Вообще, какая-то неуверенность у меня была еще вчера, когда я ложился. Хотел тебе написать, даже написал две страницы другого письма, но это не пошлó, не смог серьезно подойти к делу. Может быть, еще и потому, что ты в начале своего письма так несерьезно о себе говоришь, насмехаясь над собой там, где это совершенно невозможно. С такой якобы легкомысленной совестью ты бы наверняка так не состарился, я имею в виду — при прочих равных условиях. И не могу я быть таким, чтобы рядом с «твердой, как скала, верой» уживались «легкомысленные теории», которые ее в принципе устраняют, а рядом с ними — «отточенная мысль», которая, в свою очередь, устраняет их, так что в конечном счете только эта «отточенная мысль» и остается или, вернее, даже ее не остается, поскольку она не может одна воспарить из самой себя. Так что подобным образом ты был бы совершенно счастливо устранен, но, к большему счастью, ты все-таки существуешь, и это прекрасно. Но тебе следовало бы по этому поводу удивляться, восхищаясь этим как духовным завоеванием, то есть солидаризироваться со мной и Максом.

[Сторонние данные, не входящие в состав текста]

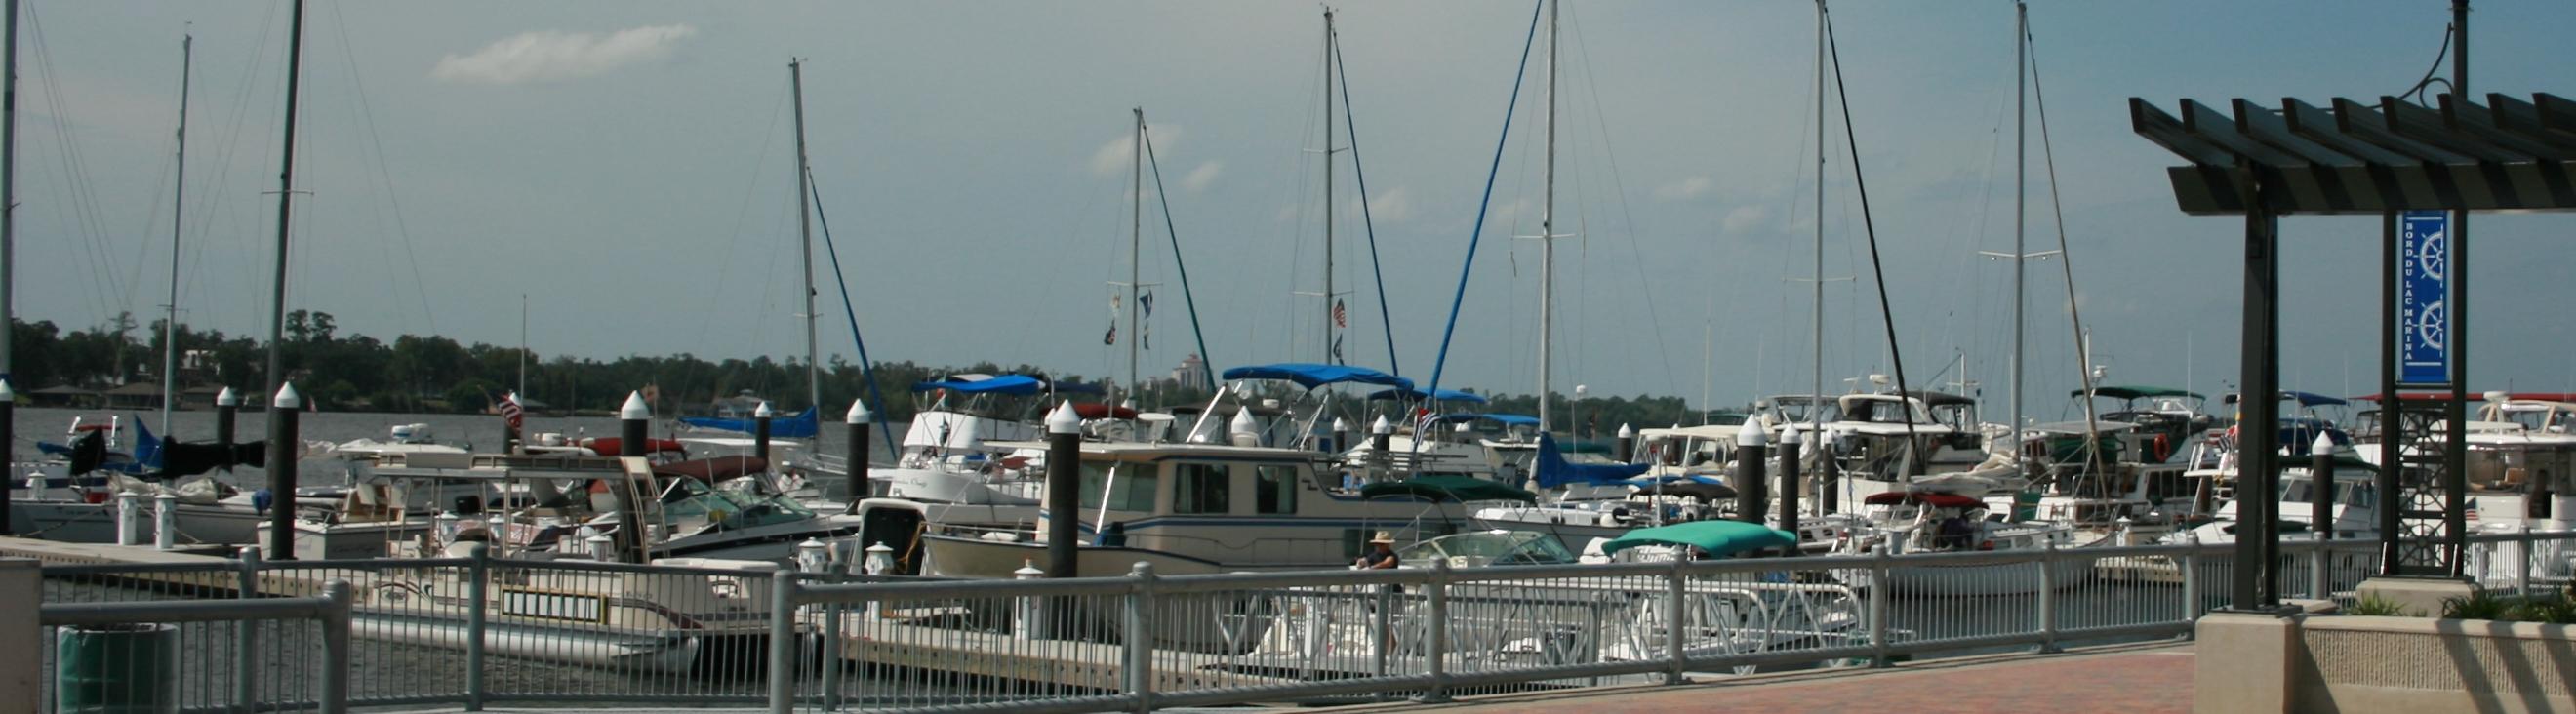 Bord du Lac Marina

И в остальном ты тоже, вообще говоря, не прав. (Поразительно: она что-то услышала и отважилась прыгнуть в темноту за ящик! Теперь сидит у ящика и стережет. Какое облегчение для меня!) Поверь обладателю крысиной норы, что твоя квартира роскошна, и мешает в ней (не говоря о прочем, что тебе как раз, удивительным образом, не мешает) то, что «избыток пространства» порождает «недостаток времени». Твое время как раз там и лежит — например, как ковер в прихожей. И пусть лежит, оно прекрасно как ковер, оно хорошо как домашний покой, но будущее время должно остаться для тебя и для всех непретворенным.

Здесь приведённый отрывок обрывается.